▶ **What the task asks**
Reproduce the data below in full and exclude every picture.

▶ **Raw data**
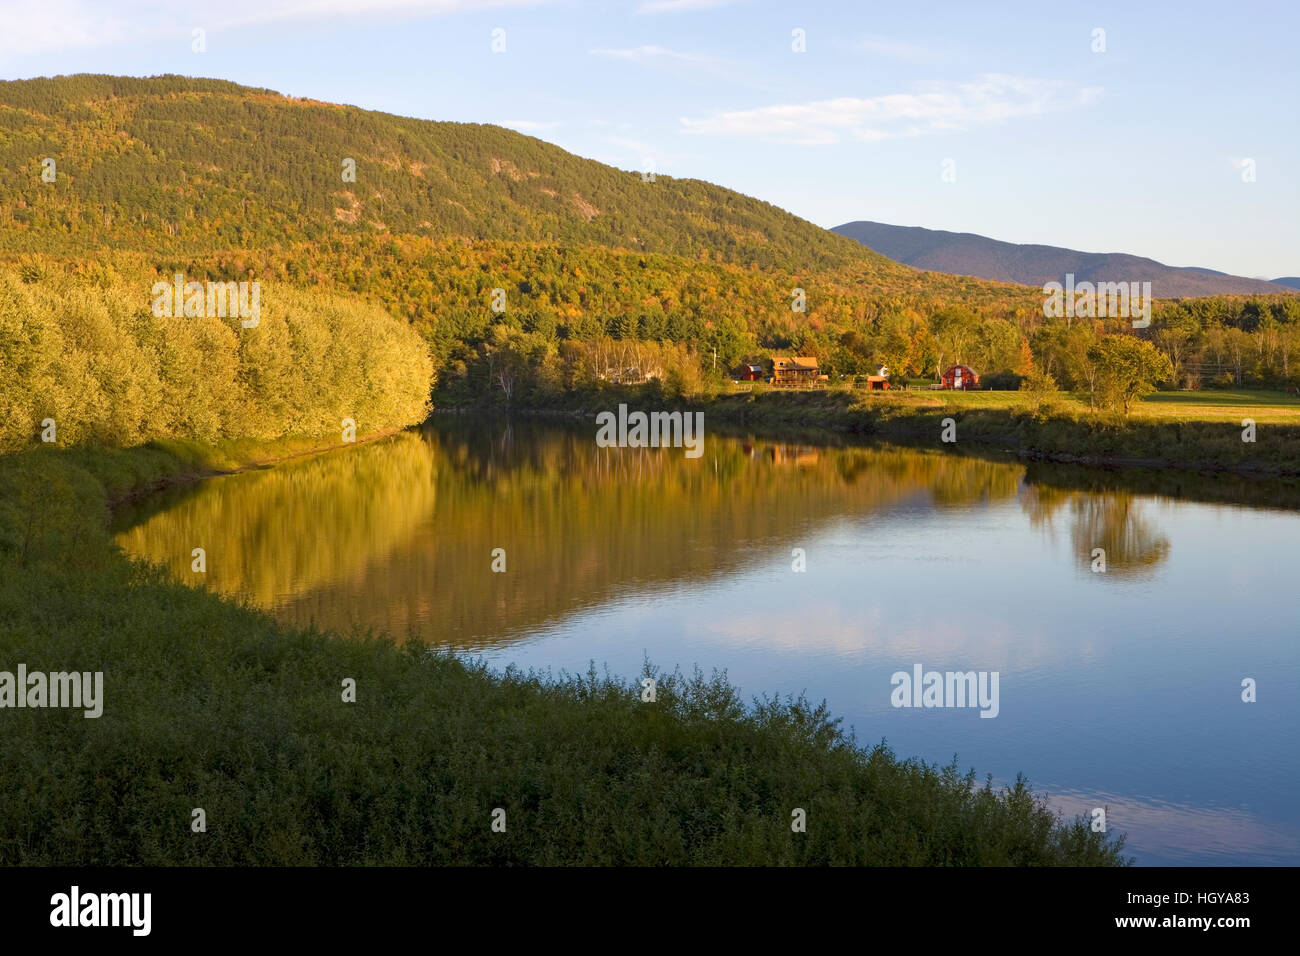 The Connecticut River in Guildhalll, Vermont.  Northumberland, New Hampshire is across the river. Stock Photo
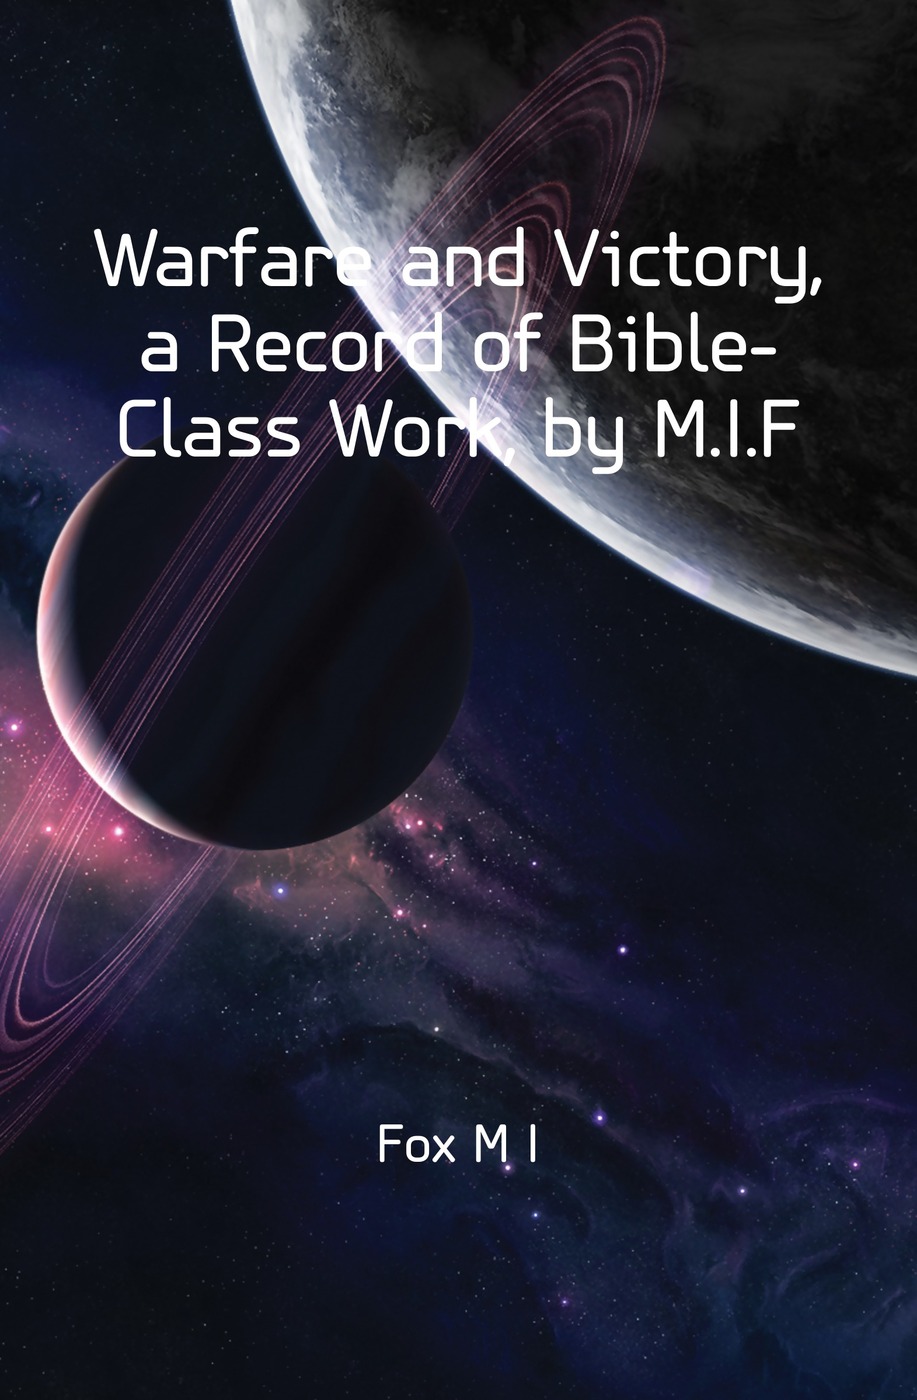 Warfare and Victory, a Record of Bible-Class Work, by M.I.F.
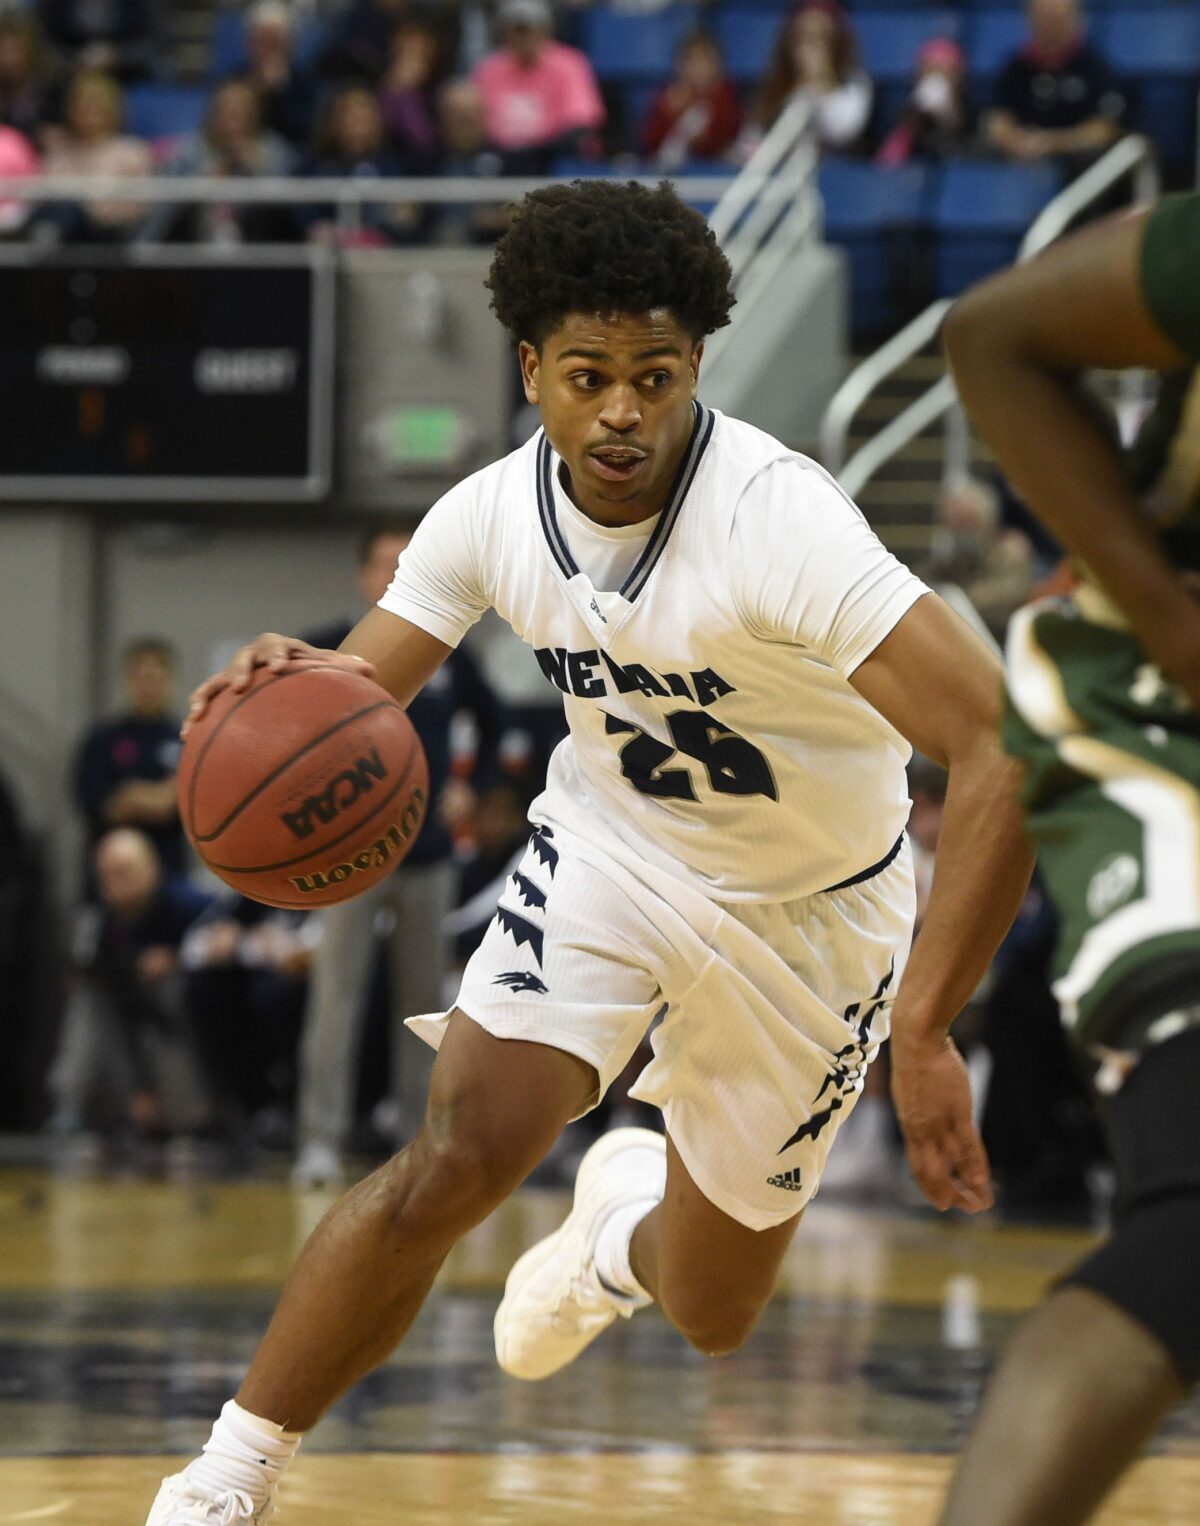 2022 Mountain West Tournament: Nevada Tops New Mexico To Advance To Quarterfinals

▶ **Solution below**
 The Connecticut River in Guildhalll, Vermont.  Northumberland, New Hampshire is across the river. Stock Photo
 Warfare and Victory, a Record of Bible-Class Work, by M.I.F.
 2022 Mountain West Tournament: Nevada Tops New Mexico To Advance To Quarterfinals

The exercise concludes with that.